As ugly as it is, the scrofulous picture of lawlessness and anarchy that reigned for almost two decades hides and even more atrocious reality which, if uncurbed, may result in another collapse and supervene upon any nation building effort. Somalia is traveling the same road that led to its collapse in the first place.

 

Major Ingredients of the old Road – The First Collapse

 

Tribalism - the last refuge of a scoundrel

Tribalism is central to the life of the Somali; it is a social insurance, a master key that  opens the doors of the good, the bad and the ugly and above all it is a piece of identification. Tribalism is also a devastating weapon used by the ignorant, the opportunistic vultures and the piranhas of the Somali society. It can move societies to accomplish the noblest achievements and it can tear asunder its fabric creating persisting animosity and bloodshed. Knowing where to draw the line is of ultimate paramount and that is where the Somali society has failed miserably.

 

The burning of tribal effigies and symbolic burials of tribalism in the heydays of the late regime, Kacaankii “barakaysnaa” may have been a veracious assay to rid society of tribalism.
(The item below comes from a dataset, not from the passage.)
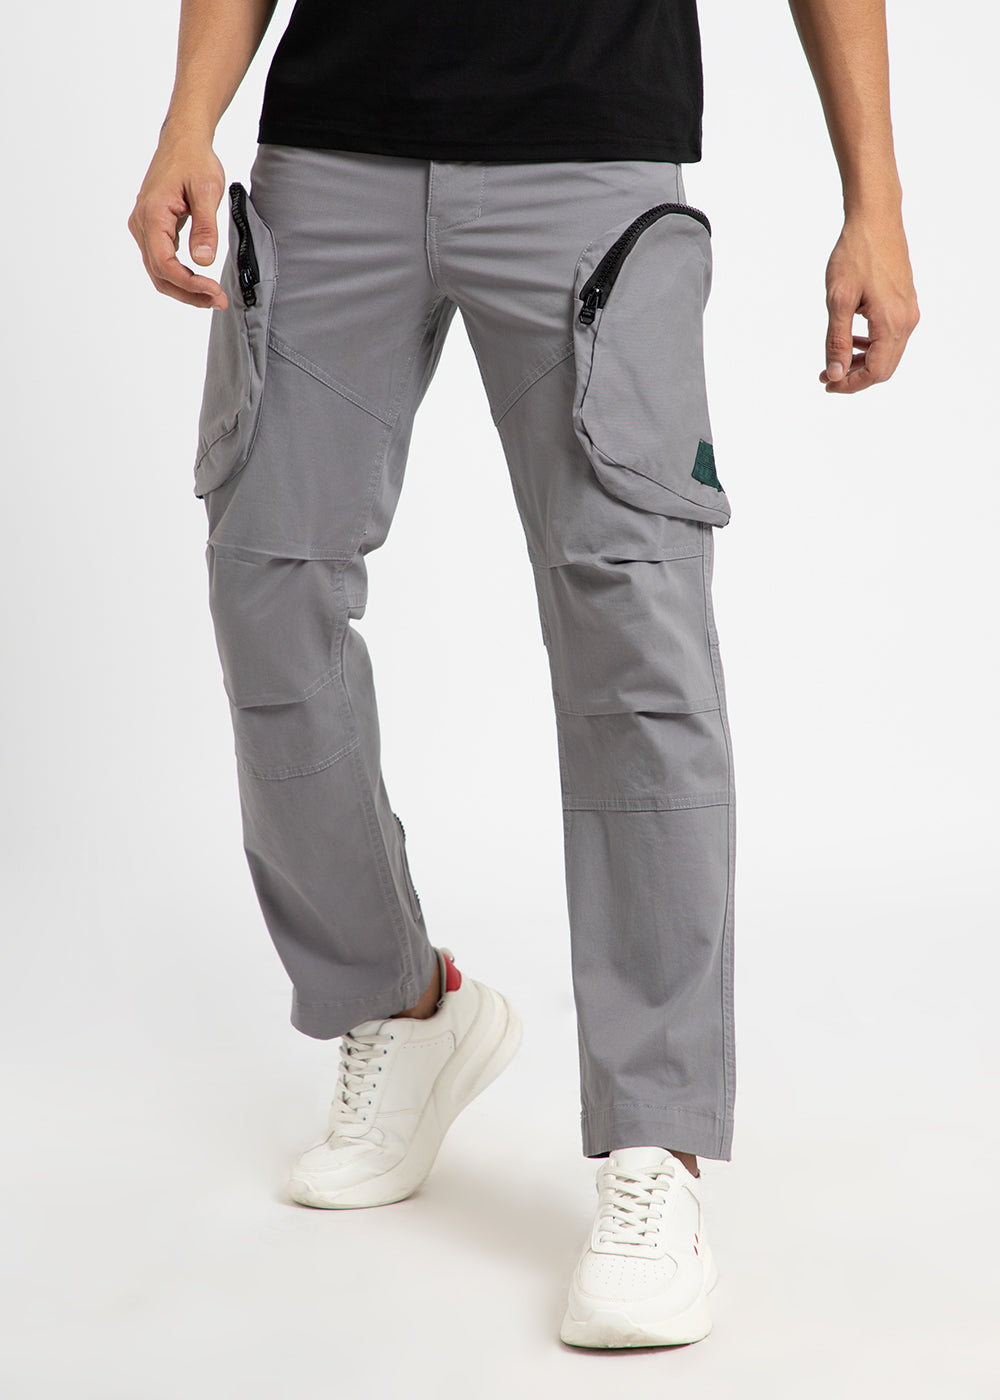 Oslo Gray Zipper Cargo Pant
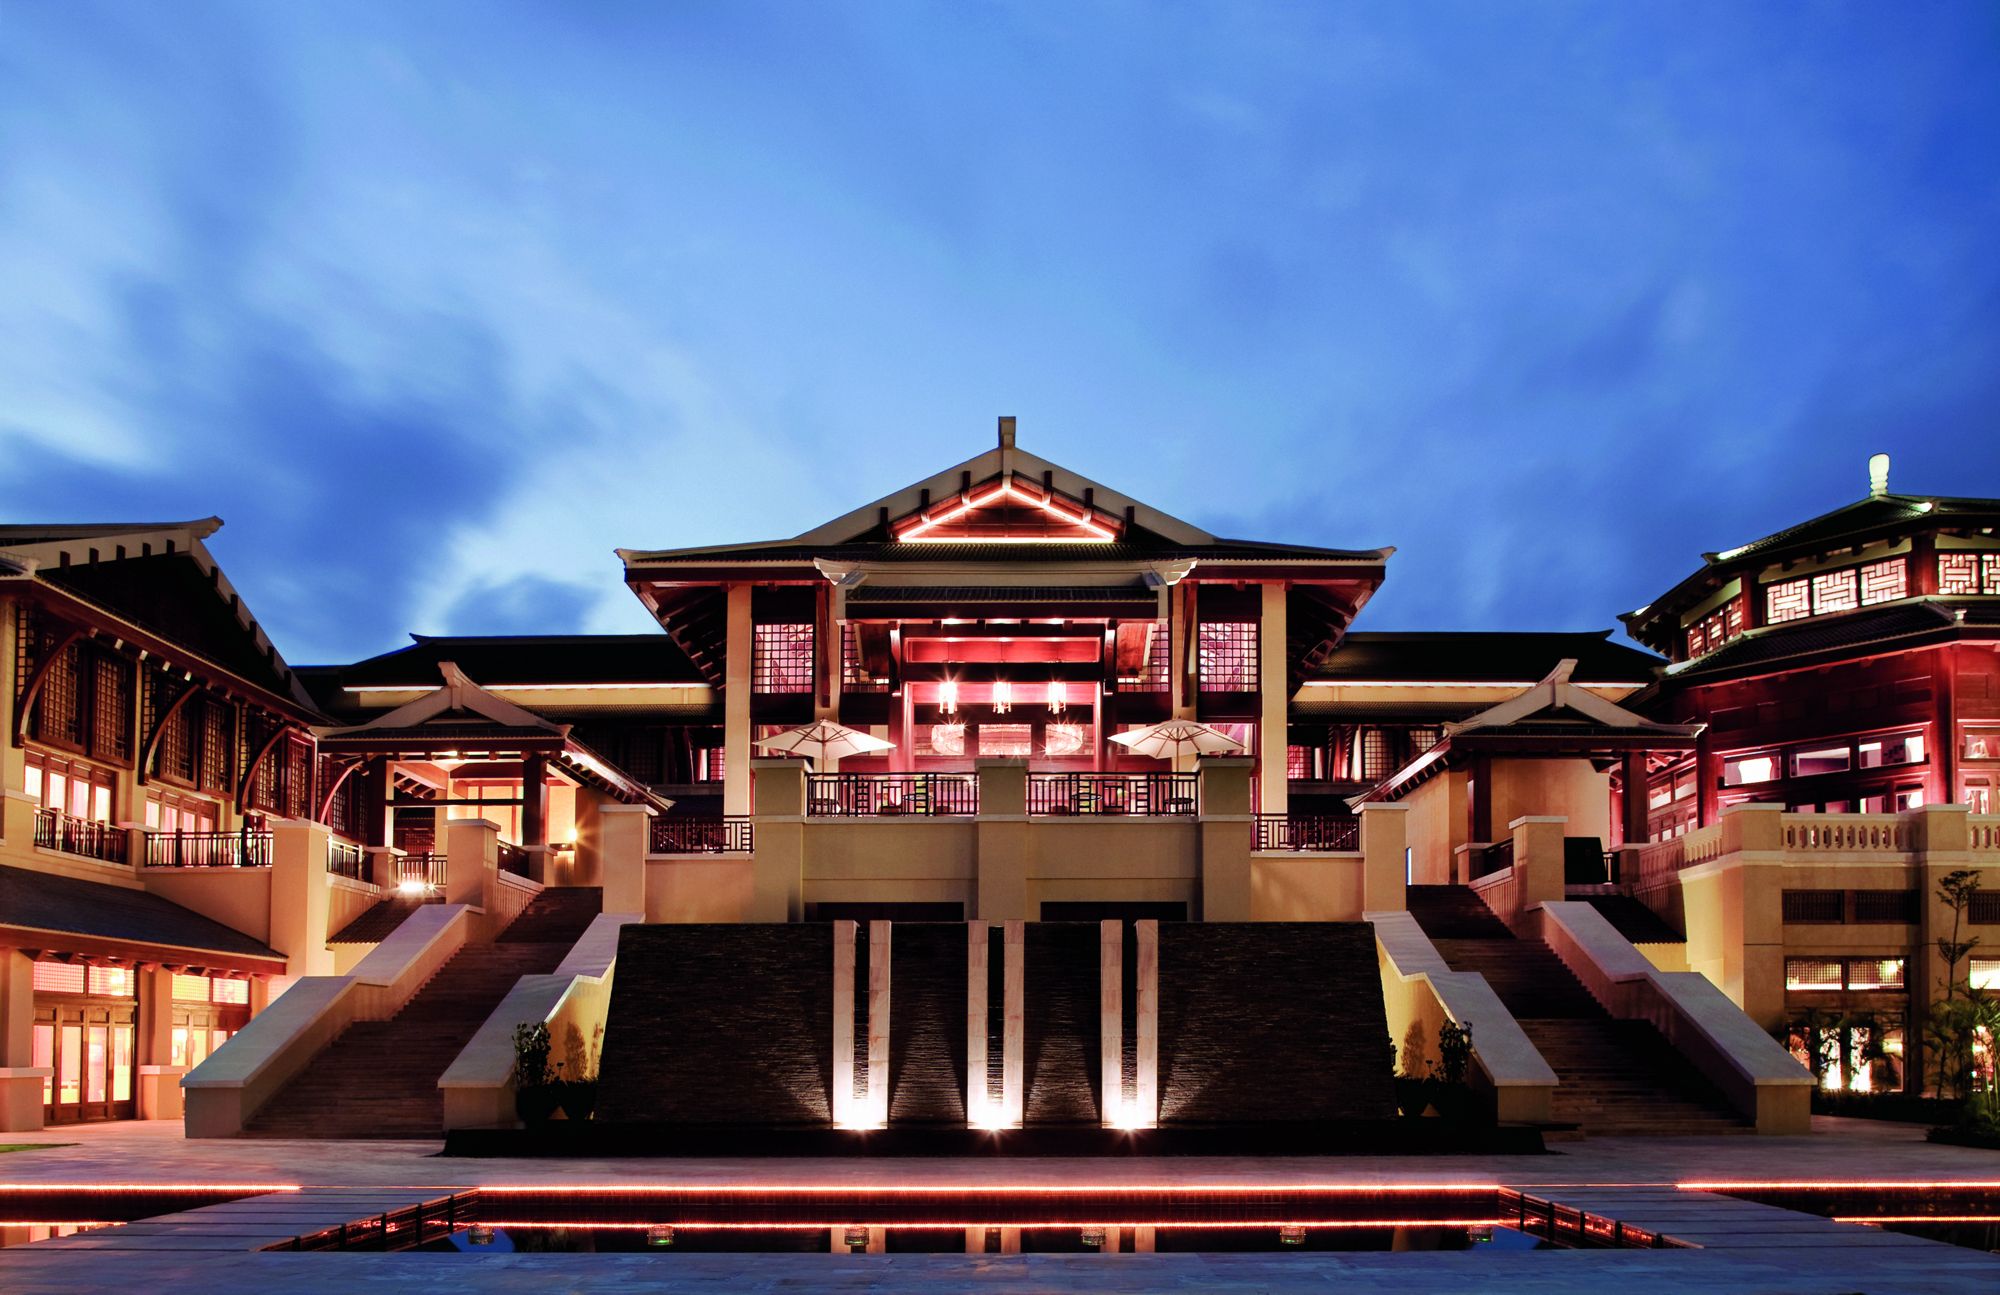 万豪计划在亚太地区新增约 100家酒店，半数位于中国

Ironically, less then a decade from its burial, tribalism reared its ugly head in defiance, laying claim to new definitions, forms and facades. It is during this period, most likely the last 10 years of that regime, that the seeds of the current chaos were planted. Like any falling dictator, Siyad Barre mustered all the slyness in his books to delay the ominous moment. And like the crafty man that was, may Allah rest his soul in peace; he devised the most scourging weapon of it all; SSDS (Somali Self-Destructive Syndrome). In practice, the weapon is put to work by giving the reigns of the tribe to gluttonous, immoral, and most simpleton individuals. Rewards for loyalty to the government were paid out in tribal currency in the form of nominations of these individuals to high positions. Punishment for defiance was meted out on the same criteria. Siyad Barre contrived a double edged sword to reward and penalize a tribe simultaneously; increased nominations from the baulker tribes, of timeservers and self-seekers who can break the ranks of their own tribe and disentangle the bonds of cohesion. More importantly, the unofficial job description of these hoodlums included fomenting and hatching conspiracies to breed a rift between neighboring tribes. Thus, a new culture that elevates the mediocre emerged, spread and established itself in a very short period. Unbelievably, the same tribes they destroy are also the ones that nurture the egos of the malice-mongers amongst them for the simple and fundamental reason that they present a “political” and a “contemporary” line of defense against other tribes. The usual justification is “if every one else has them, why not us”. Will tribes be wise enough to terminate the power of their rogue sons? If they can do that, it will be the noblest accomplishment of the Somali society. The reality is each tribe has the ability to curtail warlords hailing from it. But we have yet to see any that realizes the magnitude of the erosion of tribal ethics and decides to rescind the “wait for others to do it first” attitude.

 

Wryly, the TFG, except for an insignificant number of individuals, is entirely made up of these new breed of leaders. Emboldened by the lack of sanctions from their own tribes – the only entity that can reverse their prominence – they made sure that no headways are made towards social reconciliation. They thrive on social pandemonium; peace, law and order, and social tranquility are not their opportune environment. The TFG has not only institutionalized tribalism, it also put the stamp of approval on the leadership by the unscrupulous politicos – a hoard of warlords. The unfortunate part is that it is not limited to the TFG; Somaliland, Puntland, Djibouti, Ethiopia’s 5th Region and even in the Diaspora – where ever there are Somalis, there is always a fly in the ointment; leadership and power is in the hands of, or being sought by the least capable and the most corrupt individuals. That and that alone, is the arrant evidence of social collapse; leadership by the mentally and morally blind.  Social collapse is nothing but a society’s failure to find ways to deal with the factors that can bring about its demise whether they are economic, environmental, political or social. In the case of the Somalis, the combined effect of all of these factors compounds the matter even further. Social response to factors that cause collapse begins with making the right decisions, the correct choices and empowering those who can bring vision, plan and potential for reversal of fortunes to the table.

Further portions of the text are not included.